◆ **EXERCISE**: Pull out the lines from the one containing "Point Wilson lighthouse" through the final line of the listing below and repeat them exactly. Leave the pictures behind.

◆ **RECORDED DATA**:
* * * * * * *
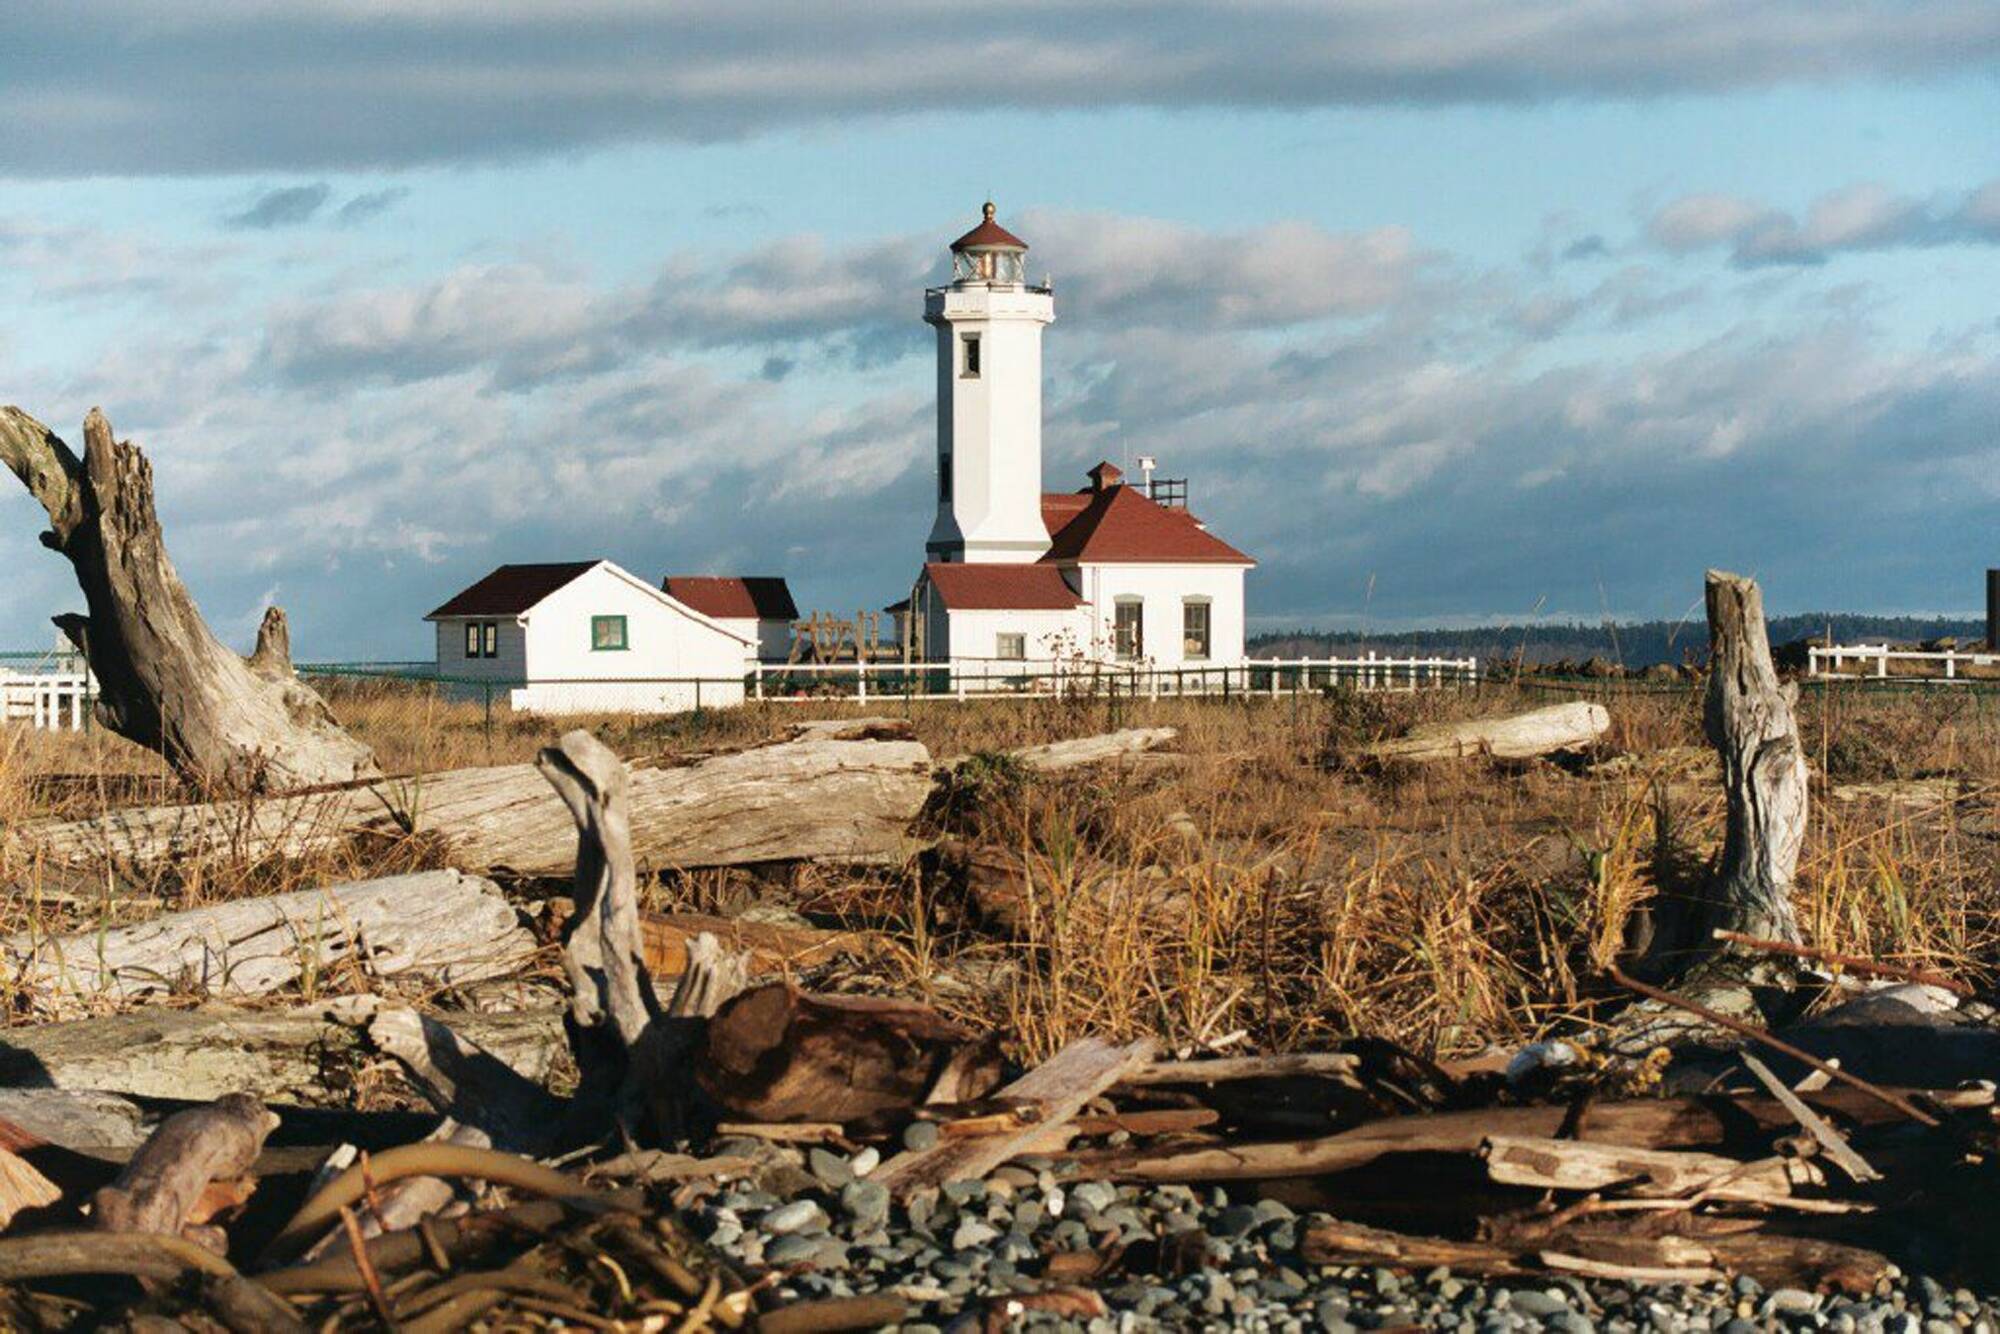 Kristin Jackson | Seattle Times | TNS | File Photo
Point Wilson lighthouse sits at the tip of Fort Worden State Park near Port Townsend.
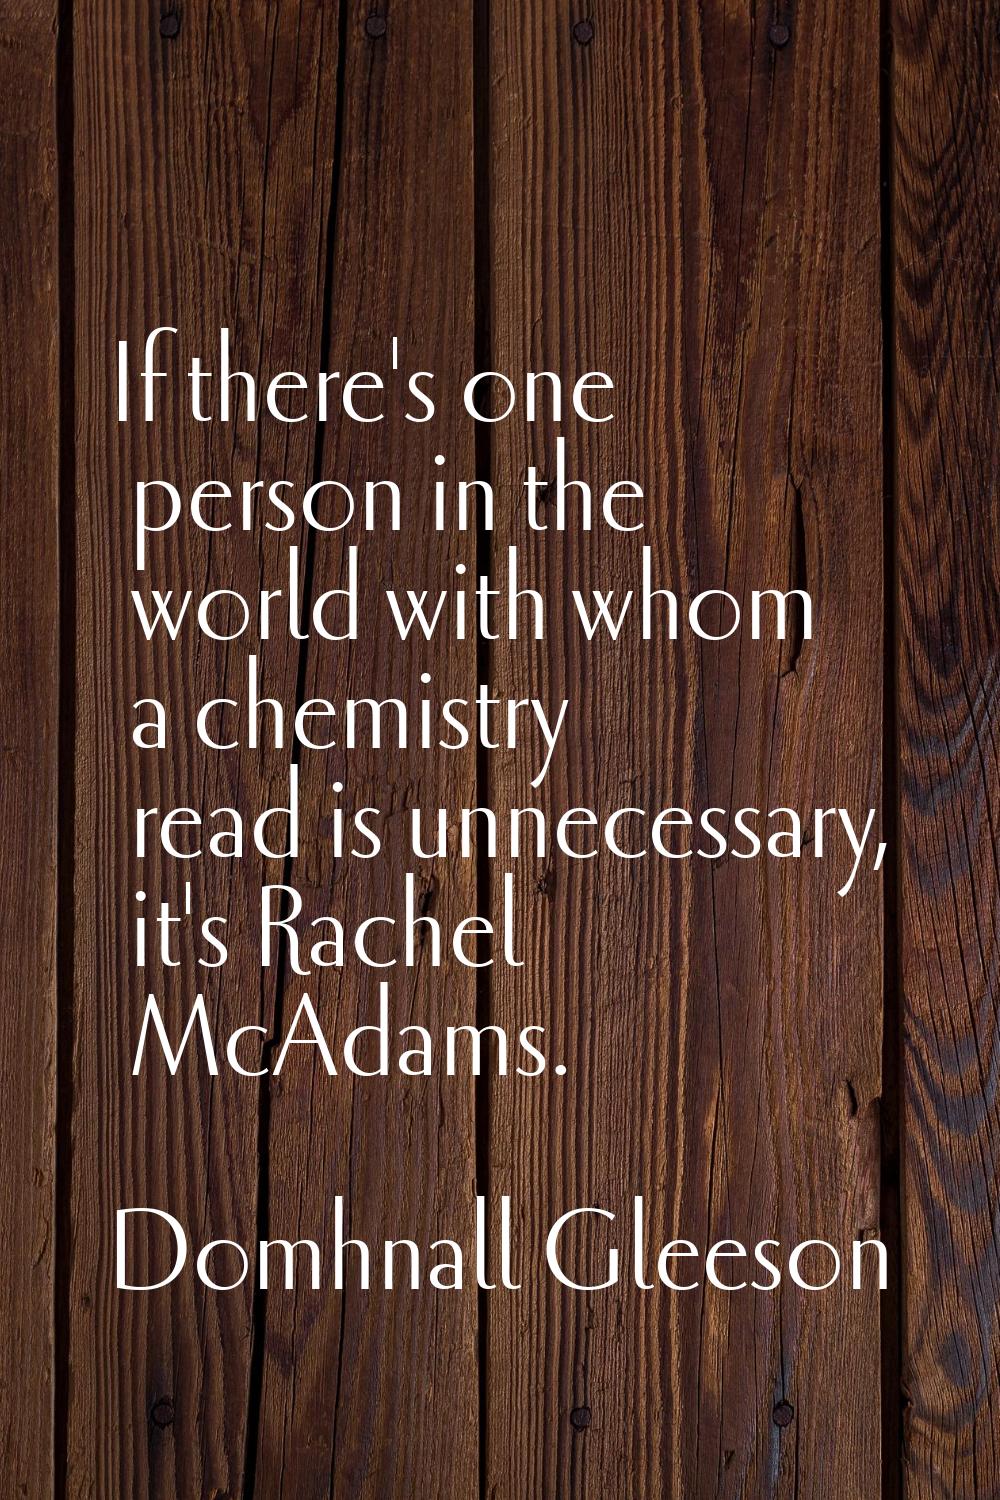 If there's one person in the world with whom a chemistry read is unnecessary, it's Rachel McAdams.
* * * * * * *
◆ **SOLUTION TO THIS TASK**:
Point Wilson lighthouse sits at the tip of Fort Worden State Park near Port Townsend.
 If there's one person in the world with whom a chemistry read is unnecessary, it's Rachel McAdams.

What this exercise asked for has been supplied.